(Opere che si collocano "in prossimità del linguaggio pop", ma a differenza della Pop Art, "che ritrae oggetti prodotti, in questo caso viene rappresentato il denaro - strumento simbolico di valore - che, come un paradosso, è ciò che New York produce".

E' la mostra "American Pantheon" di Houben Tcherkelov (Alias Houben R.T.) artista newyorkese di origini bulgare, curata da Enea Chersicola e che si inaugura oggi (fino al 22 Novembre) nella galleria Tivarnella Art Consulting.

"L'unico strumento globale di comunicazione è il denaro" dice Houben e dunque i suoi quadri, in questo ponte fra New York e Trieste, sono i volti dei padri fondatori degli Stati Uniti impressi però sulla cartamoneta di quel Paese.

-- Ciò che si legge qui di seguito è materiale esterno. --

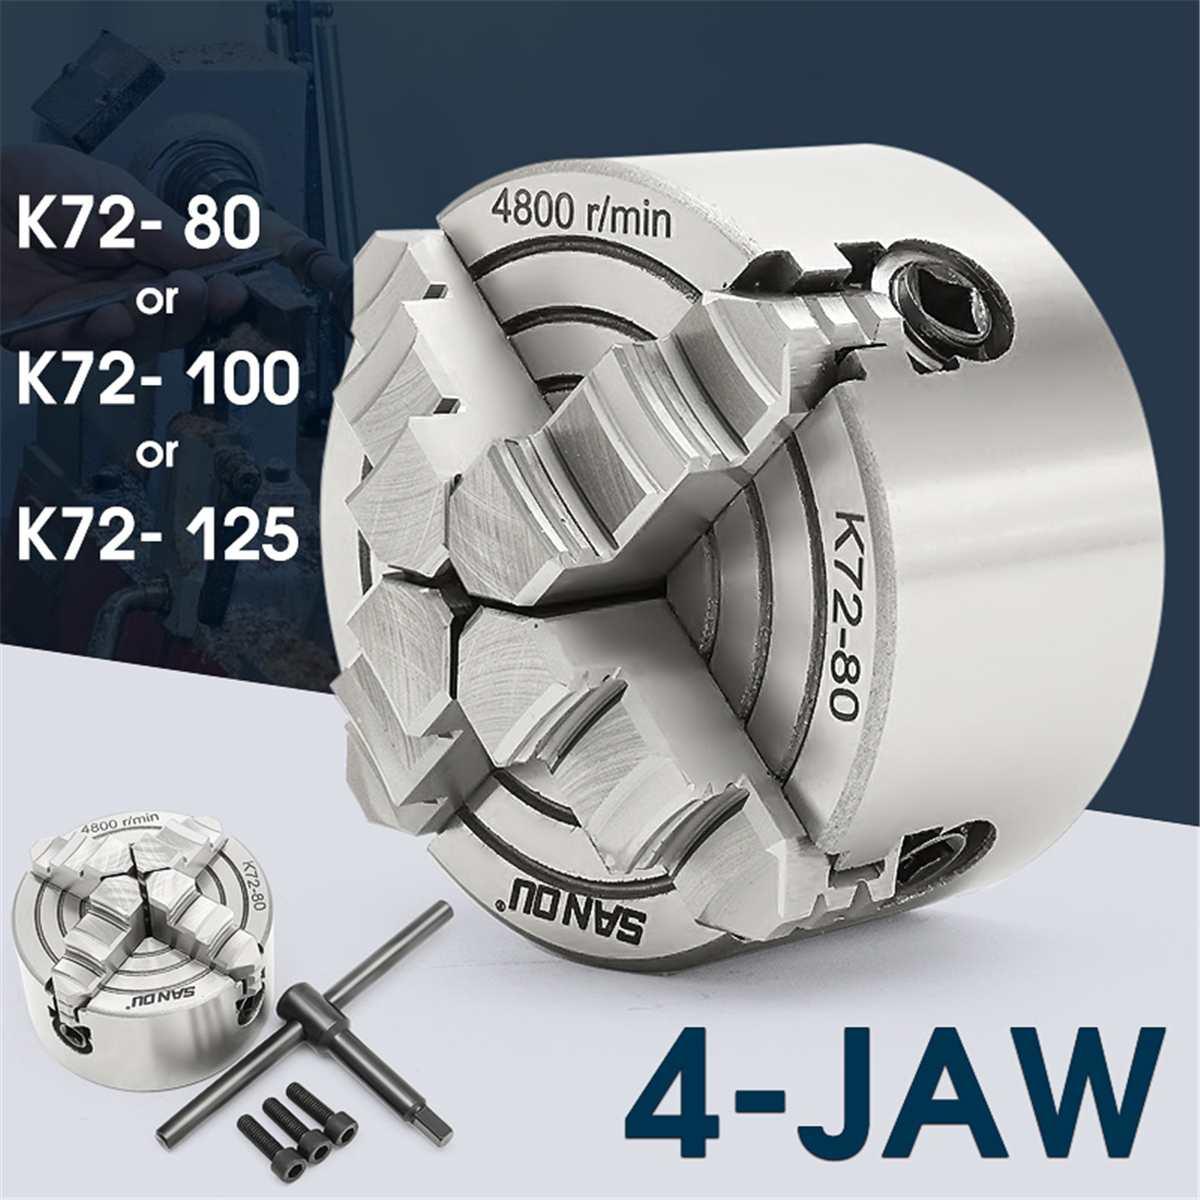 K72- 80/K72- 100/K72- 125 4 Jaw Lathe Chuck 80mm/100mm/125mm Independent Self-Centering 1pcs Safety Chuck Key 3pcs Mounting Bolt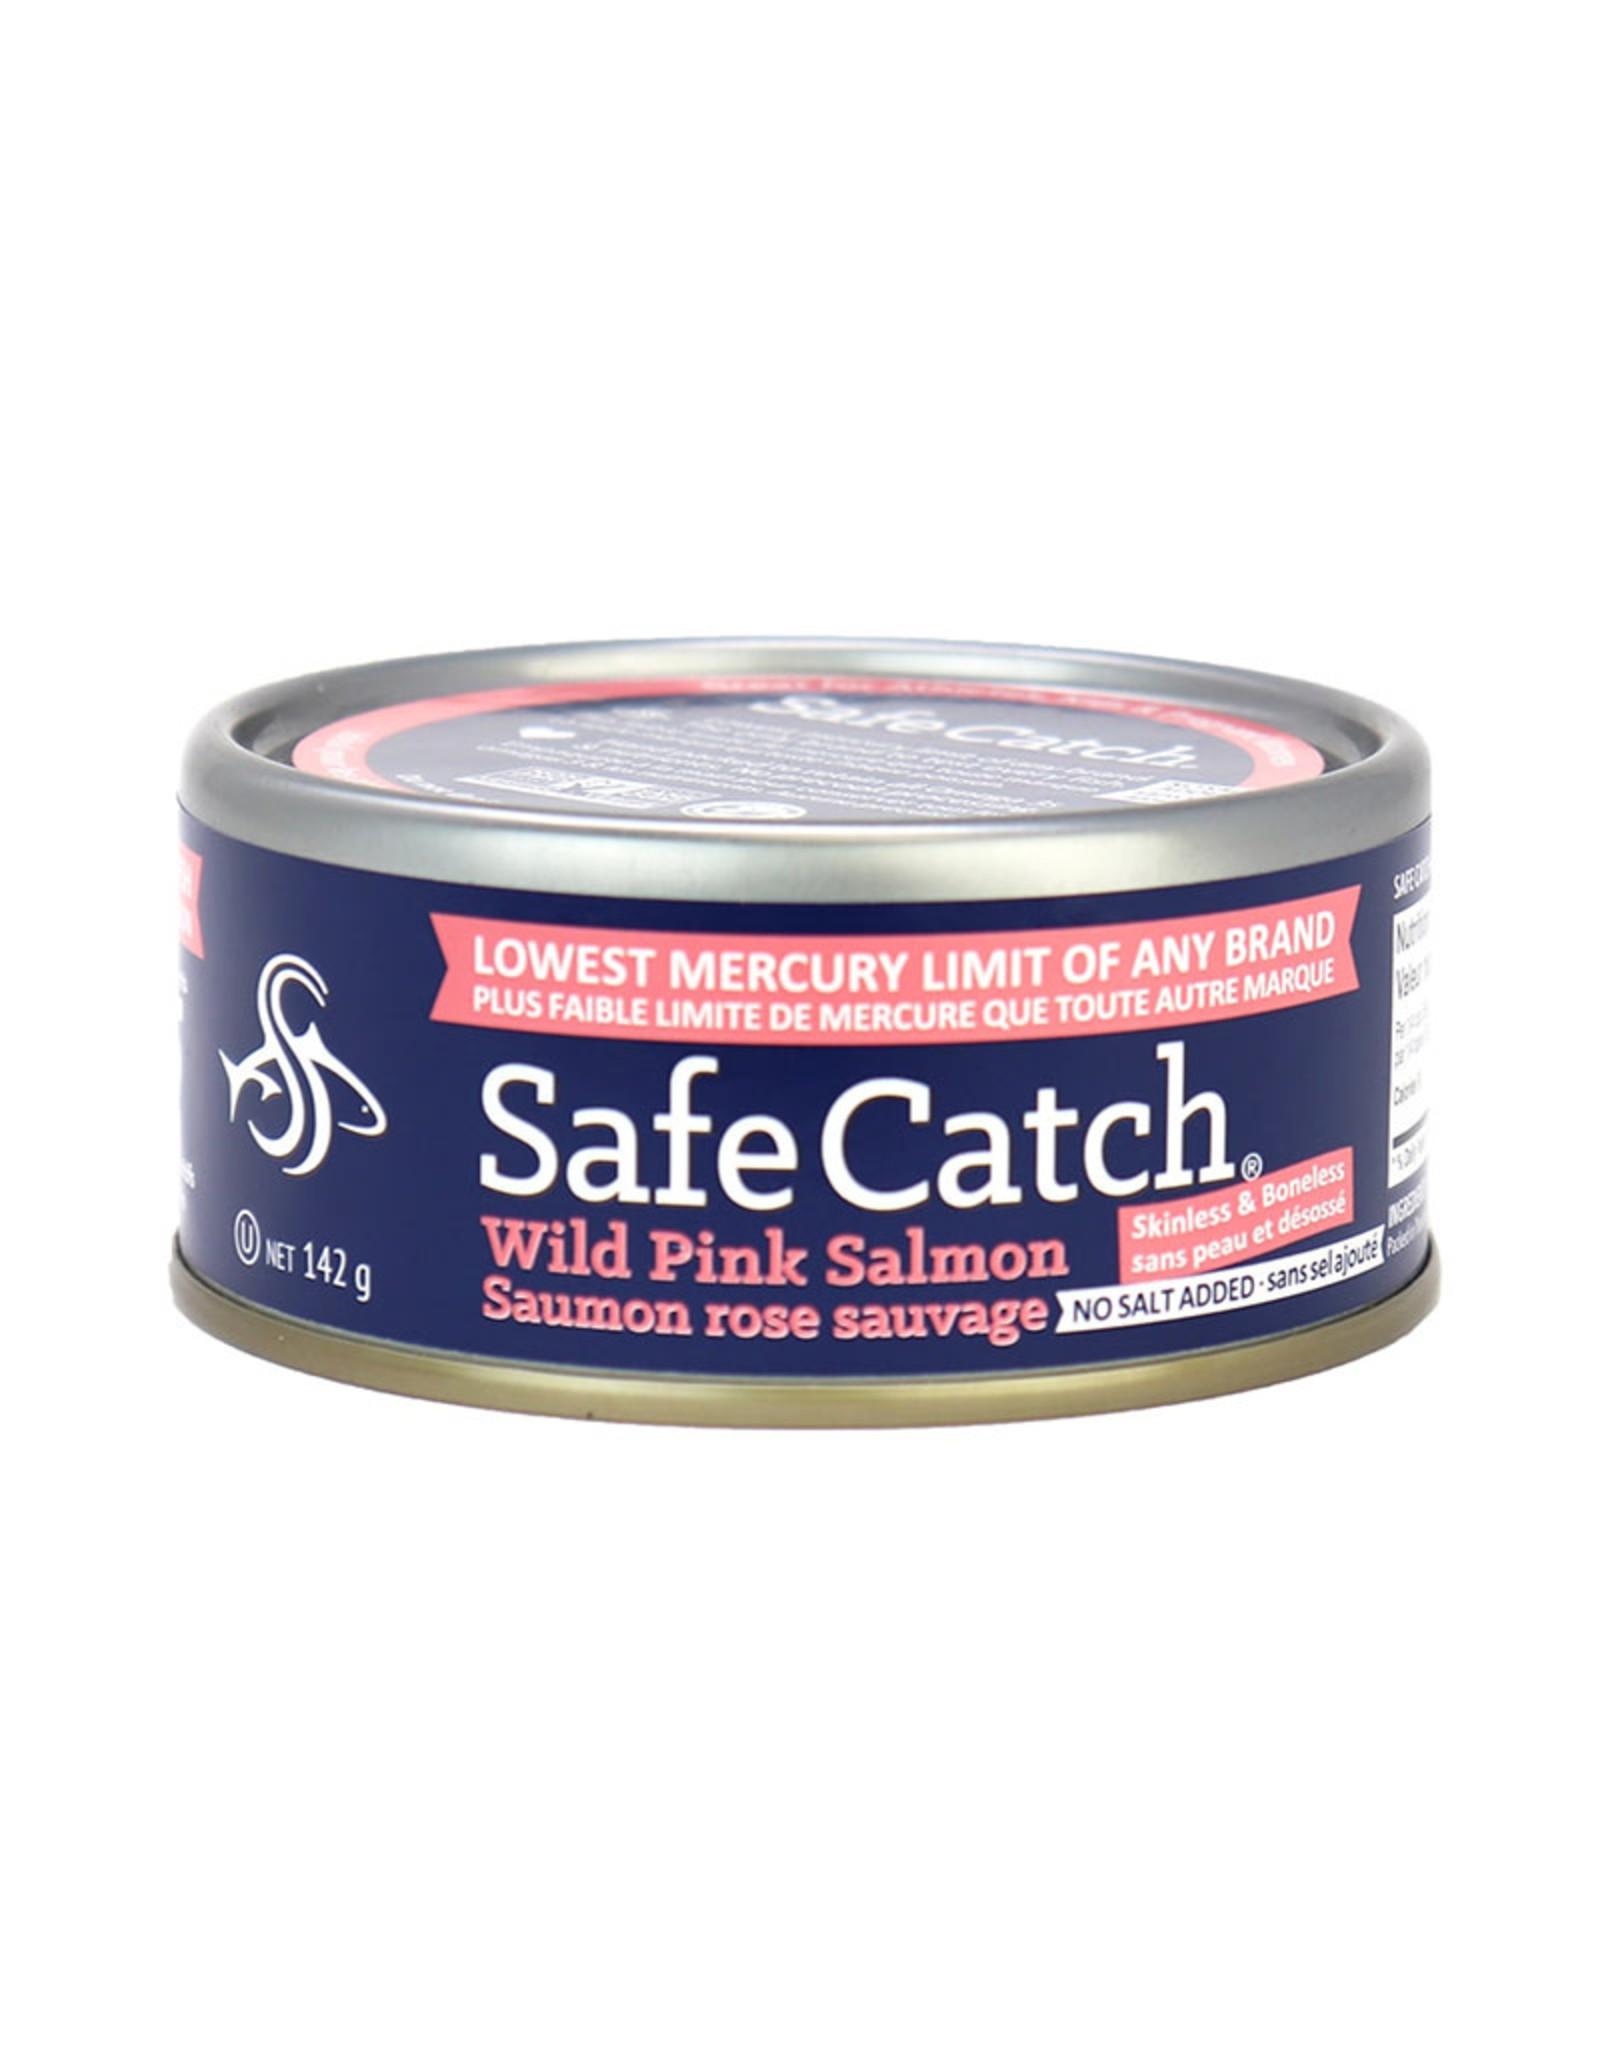 Safe Catch Safe Catch - Wild Pink Salmon, No Salt (142g)

Attraverso foglia d'oro, d'argento e pittura acrilica, Tcherkelov li trasforma in icone contemporanee. La mostra diventa dunque "un'occasione unica per riflettere sul rapporto tra immagine, potere, storia ed economia". Una dinamica - quella sociale americana - che dal suo studio di Times Square, l'autore guarda con una visione privilegiata, insistendo sul fatto che "il denaro prende a prestito immagini della cultura di un Paese, trasformandole in simboli legati allo strumento di scambio, come indica lo stesso Tcherkelov. Quei simboli vengono allora ricondotti allo stato di opera d'arte. Dunque Alexander Hamilton, Abraham Lincoln hanno gli occhi cerchiati di nero, piangono vernice e sangue, hanno i capelli verde-blu come i colori delle banconote e le labbra vermiglie di una striscia di rossetto. Deformati, corrotti, mistificati.